The sellers who audit their product data this month, implement schema markup this quarter, and get their inventory sync running in real time this year will be the ones that AI agents recommend in 2027 and beyond.

The sellers who wait will wonder why their traffic is declining even though their Google Ads spend keeps going up.

The customer is no longer coming to your website to decide. The AI already decided for them. The only question is whether it decided in your favor.

Frequently Asked Questions

Agentic commerce is the process where AI agents, like ChatGPT, Google Gemini, or Meta AI, autonomously research, compare, and recommend (or even purchase) products on behalf of consumers.
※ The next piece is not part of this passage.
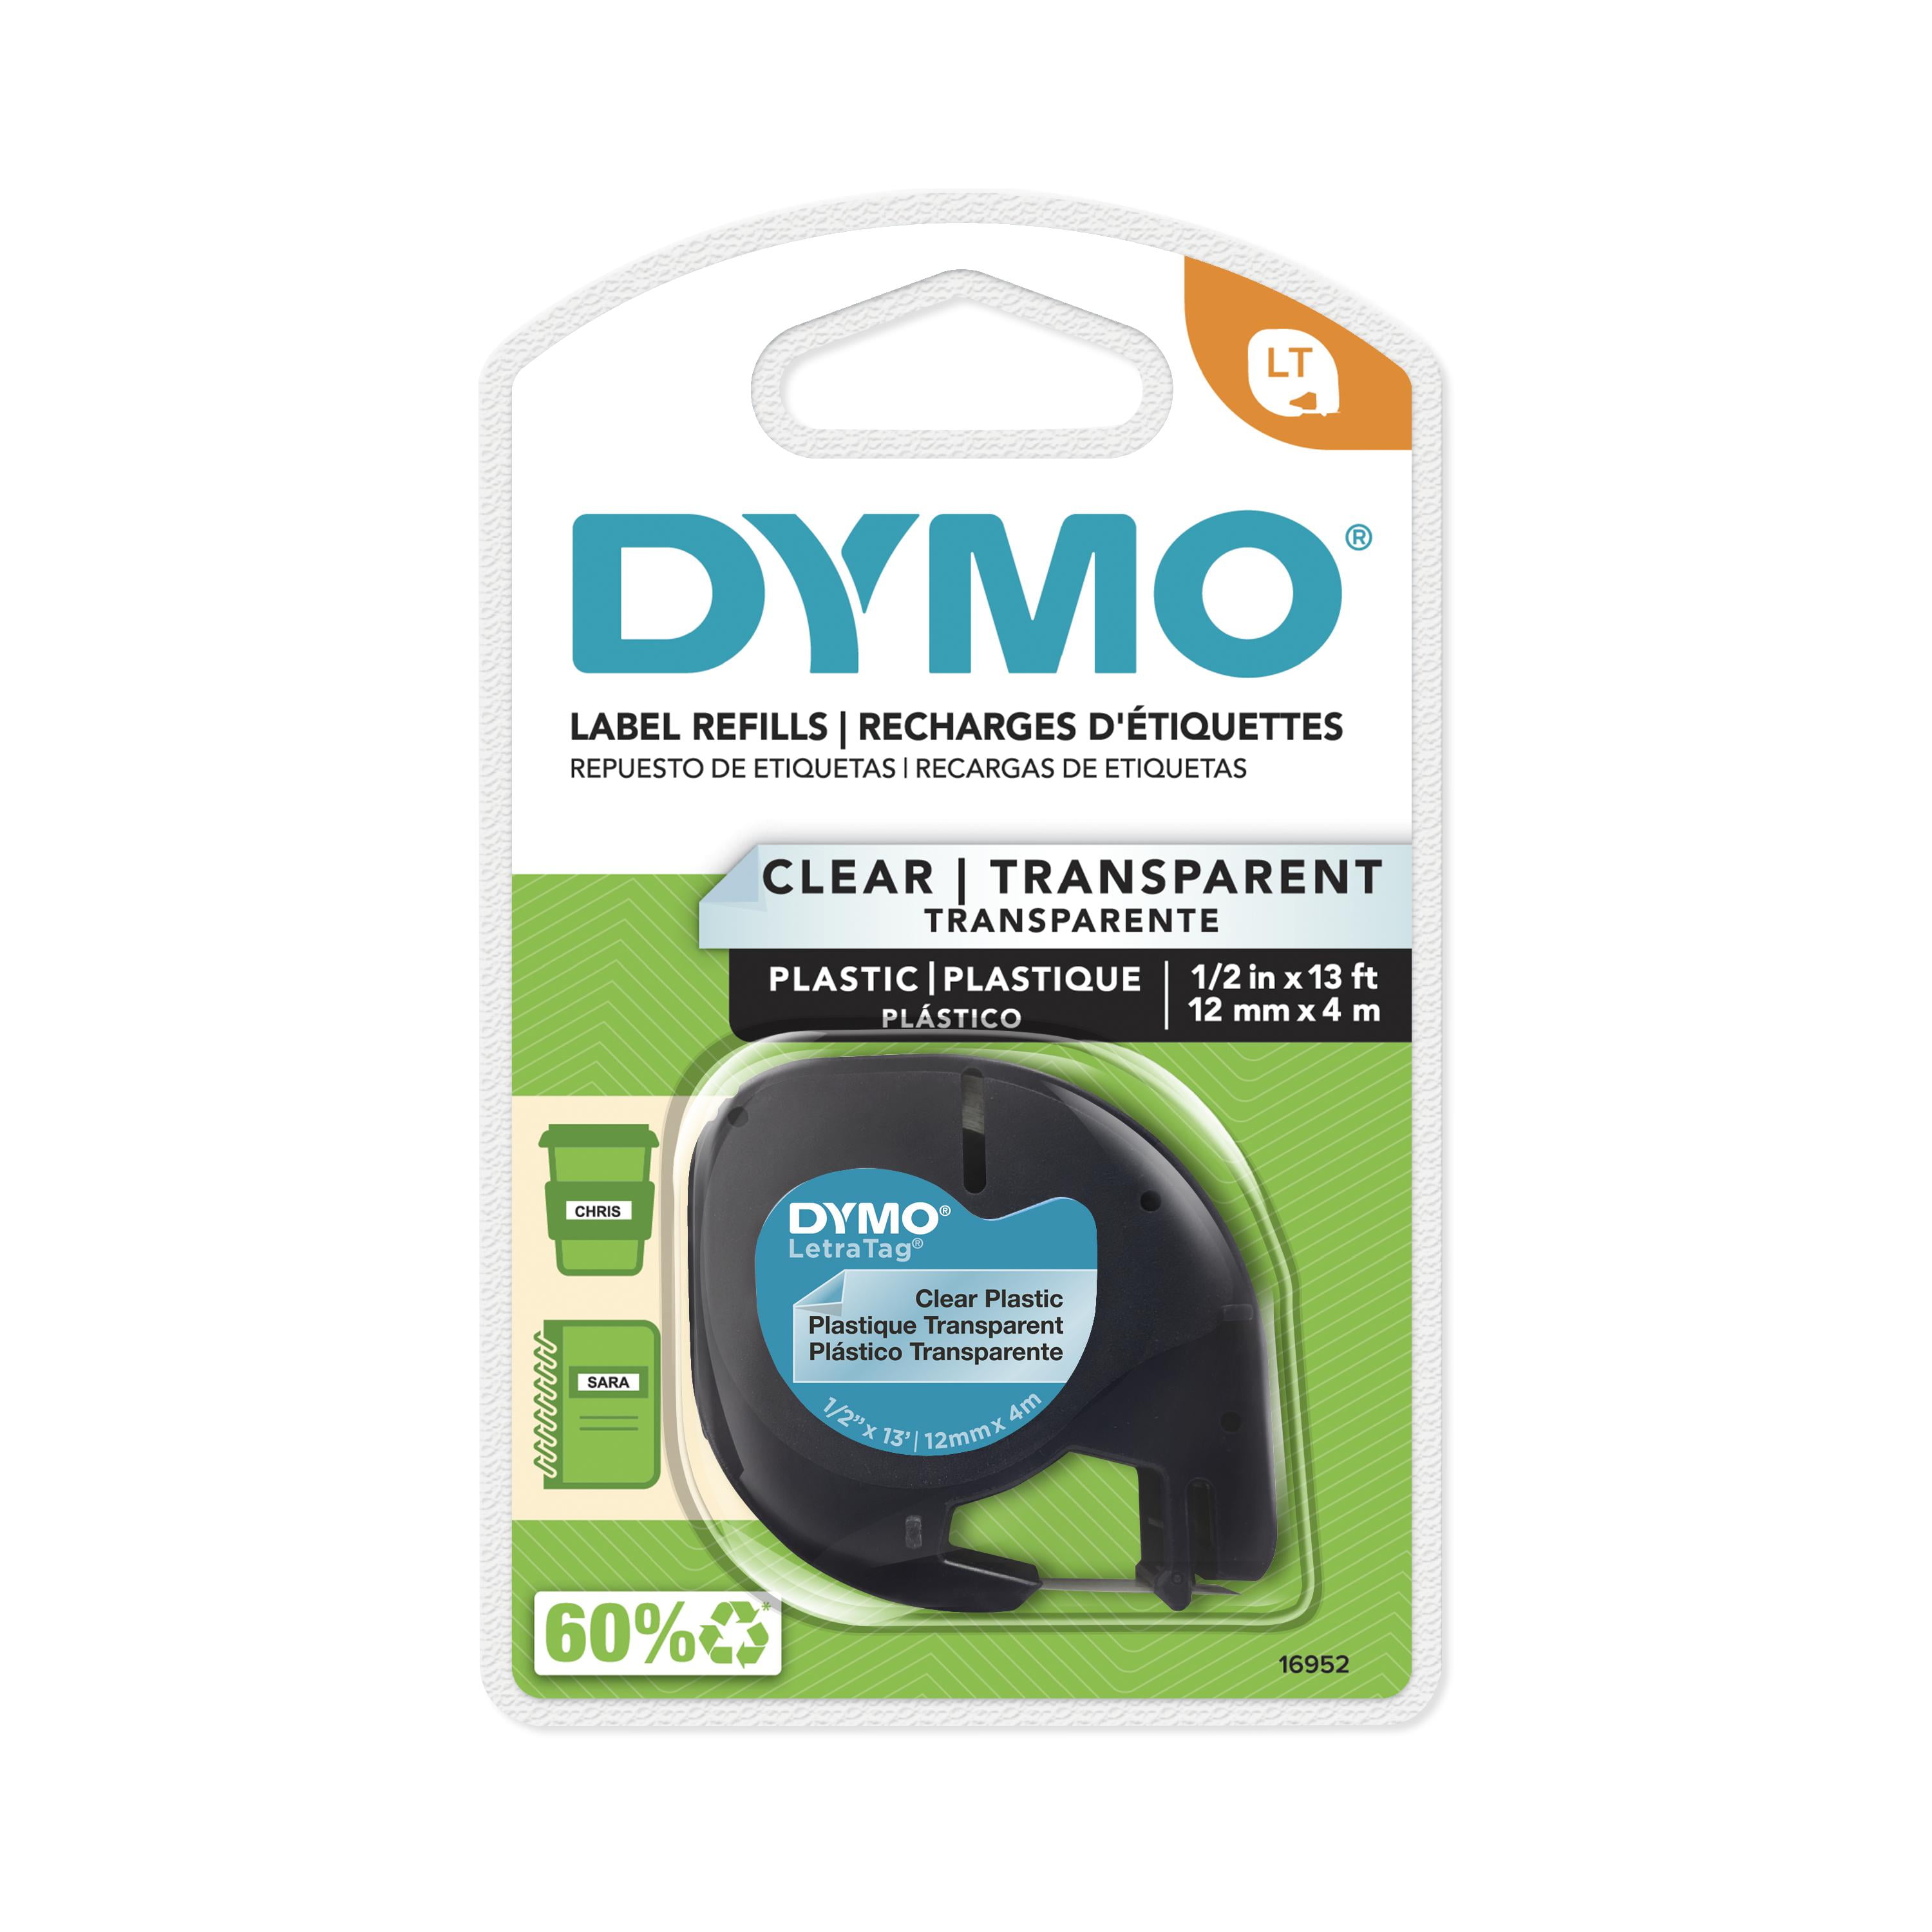 How to refill dymo label maker - synergyfalas

Instead of a shopper visiting your website, browsing your catalog, and reading your marketing copy, the AI does all of that for them. The AI pulls product data from structured sources, generates its own descriptions, and presents a curated shortlist. If your product data is incomplete, poorly structured, or out of sync, the AI simply skips you. 91% of online stores are currently invisible to AI shopping agents because of poor data structuring.

Shopping searches on AI platforms grew 4,700% between 2024 and 2025. ChatGPT alone serves 900 million weekly users. 40% of customers now start their purchase journeys on AI platforms instead of traditional search engines. AI platforms are expected to account for $20.9 billion in retail spending in 2026, nearly 4x the amount from 2025. Morgan Stanley projects that approximately 50% of online shoppers will use AI shopping agents by 2030, accounting for 25% of total online spending.
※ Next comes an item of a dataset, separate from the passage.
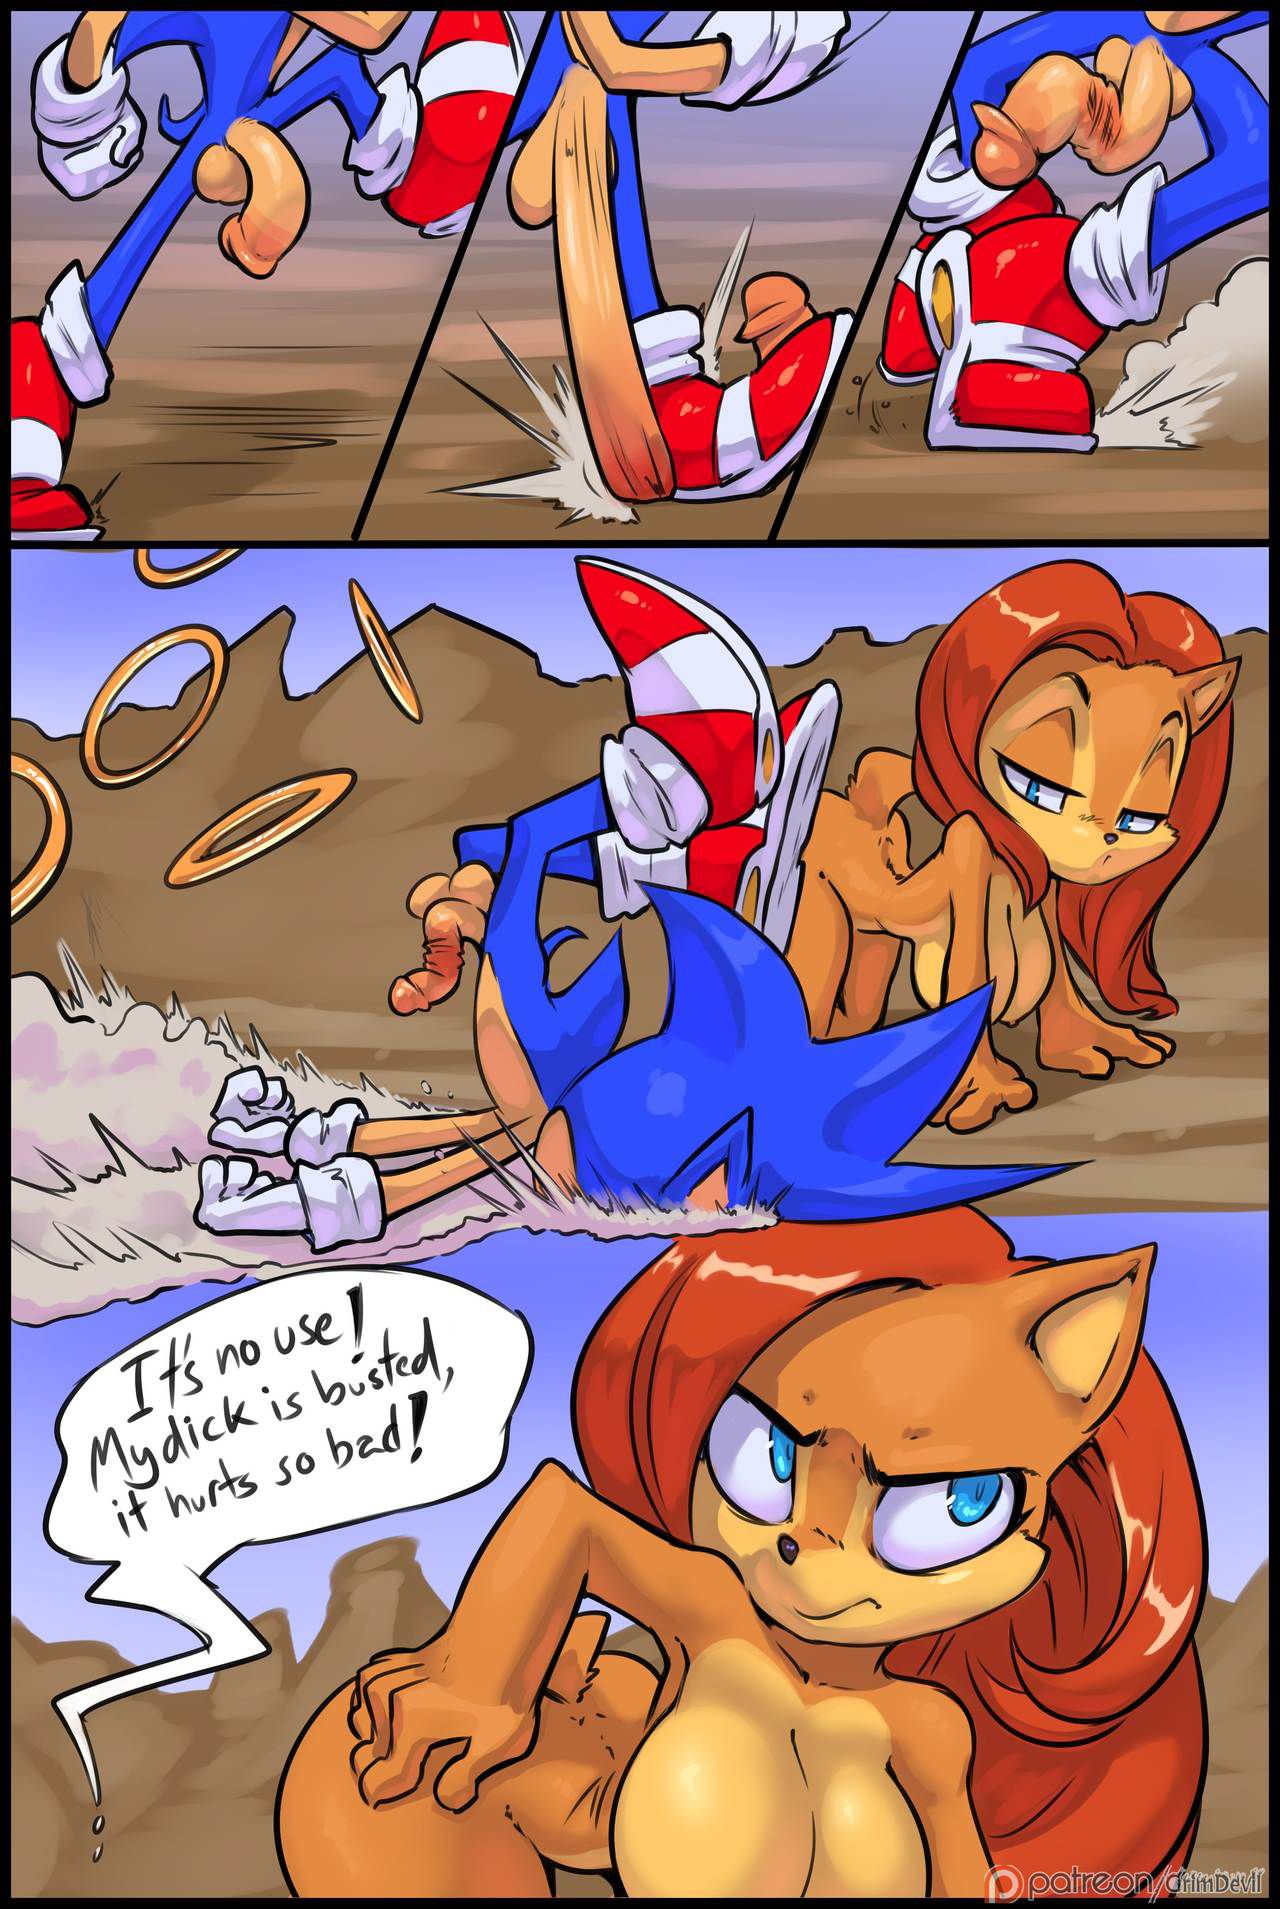 [GrimDevil] Sally Comic (Sonic The Hedgehog) [Ongoing] 9

Zero-click commerce describes a purchasing experience where the consumer never visits your website. The AI agent handles discovery, comparison, and, increasingly, checkout on behalf of the shopper. The consumer asks a question like 'what is the best wireless mouse under $50,' and the AI returns a recommendation with product details, pricing, and a buy button, all without the consumer ever seeing your storefront, your brand messaging, or your carefully designed product page. Your entire funnel collapses into a single AI-generated response.
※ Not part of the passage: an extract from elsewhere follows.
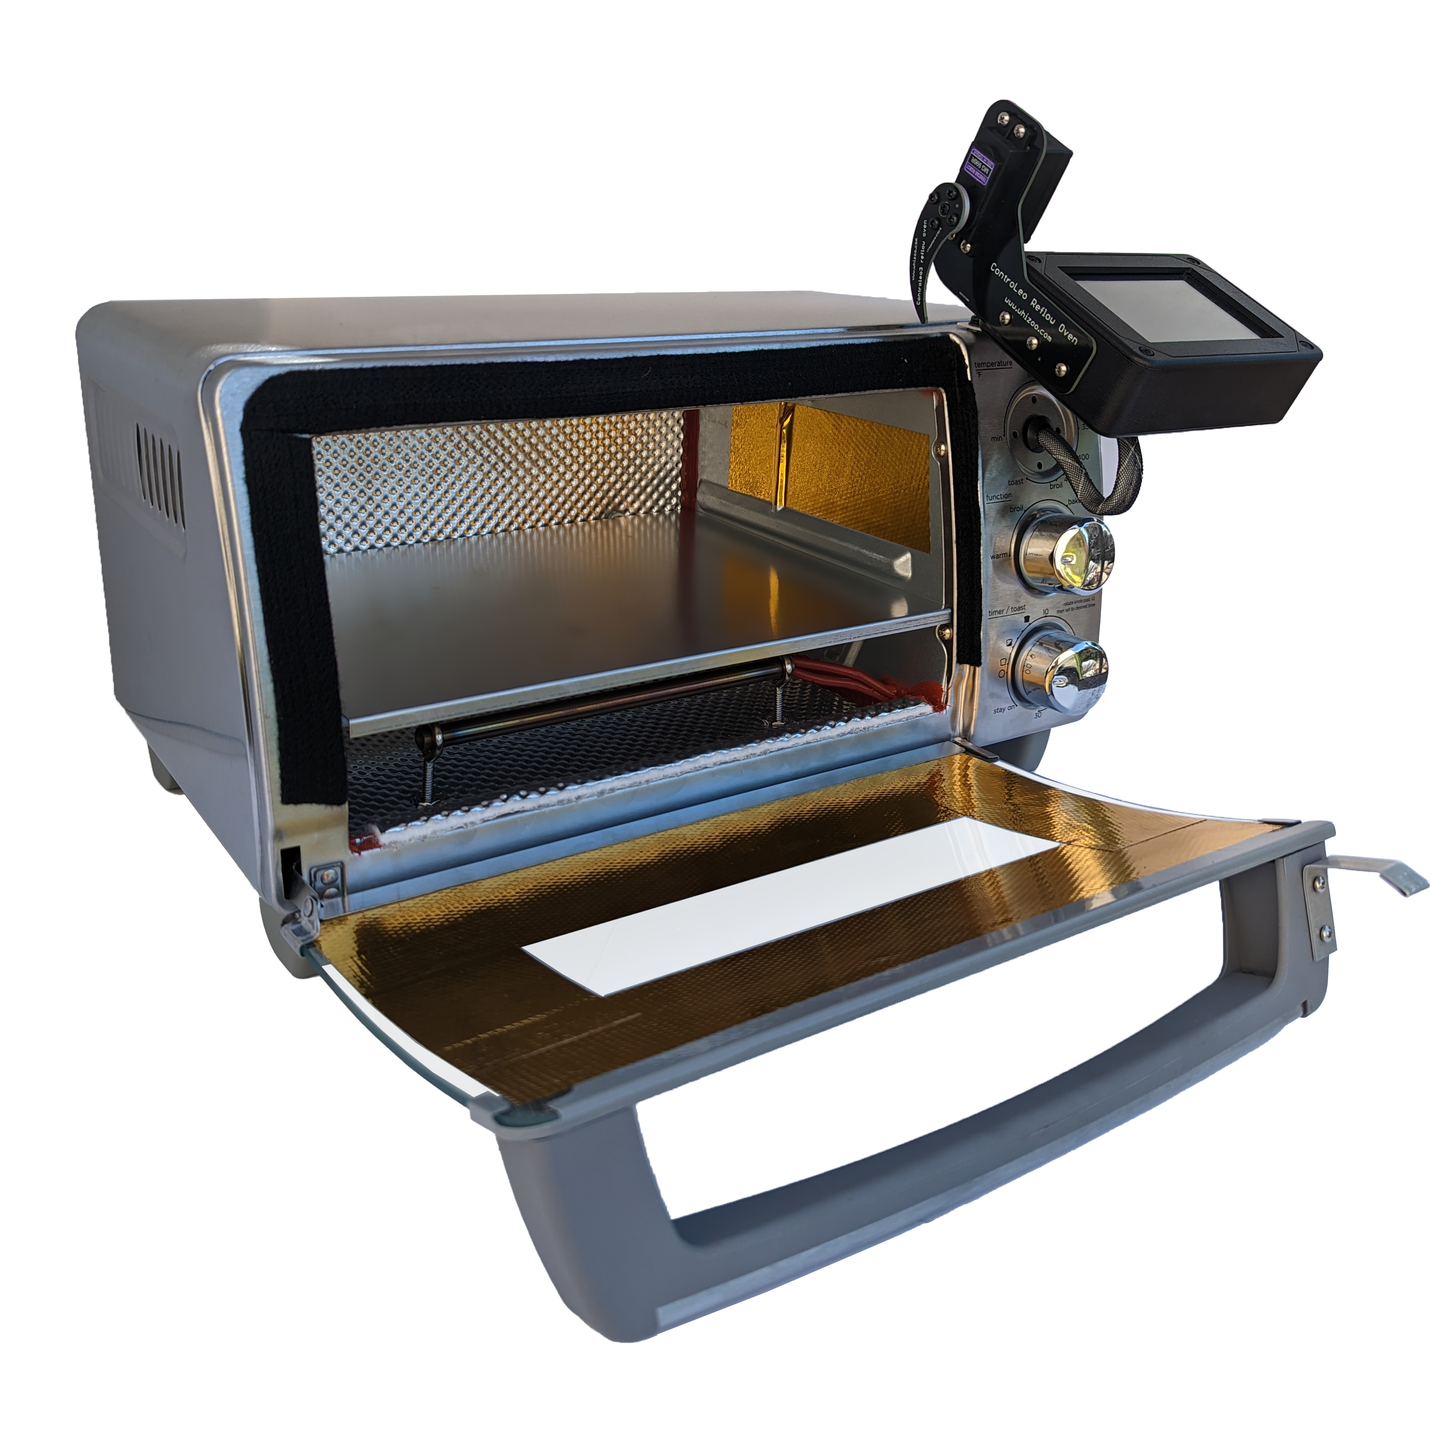 Ready-to-Run Reflow Oven

Three things matter most: structured product data, schema markup, and inventory accuracy. First, ensure every product has complete attributes: title, description, price, availability, brand, GTIN/UPC, images, specifications, and category. Stores with 99.9% attribute completion see 3-4x higher AI visibility. Second, implement comprehensive schema markup (Product, Offer, AggregateRating, Review) on every product page. Products with comprehensive schema markup appear 3-5x more often in AI recommendations. Third, keep inventory synced in real time across all channels, if an AI recommends a product that is out of stock, that is a failed experience the AI will remember.

These are competing standards designed to let AI agents interact with online stores programmatically. UCP (Universal Commerce Protocol) is backed by Shopify, Google, Visa, Mastercard, Stripe, Walmart, and Target. It aims to create a universal language for AI agents to browse catalogs, check inventory, and complete purchases across any store. ACP (Agentic Commerce Protocol) is Stripe's separate standard focused on enabling AI-driven transactions. Both are early-stage, but they signal that the infrastructure for AI-to-store commerce is being built right now. Sellers who prepare their data and systems for these protocols will have a significant head start.

Not entirely, but they will fundamentally change how consumers discover and purchase products. The parallel is what Amazon did to retail in the 2010s: it did not eliminate physical stores, but it captured a massive share of discovery and purchasing. AI agents are doing the same thing to websites. Branded, high-consideration purchases (luxury goods, complex B2B products) will still drive consumers to storefronts. But for commodity and mid-range products where the buyer's primary question is 'what is the best X under $Y,' AI agents will increasingly handle the entire journey. The 40% of consumers already starting purchase journeys on AI platforms will only grow.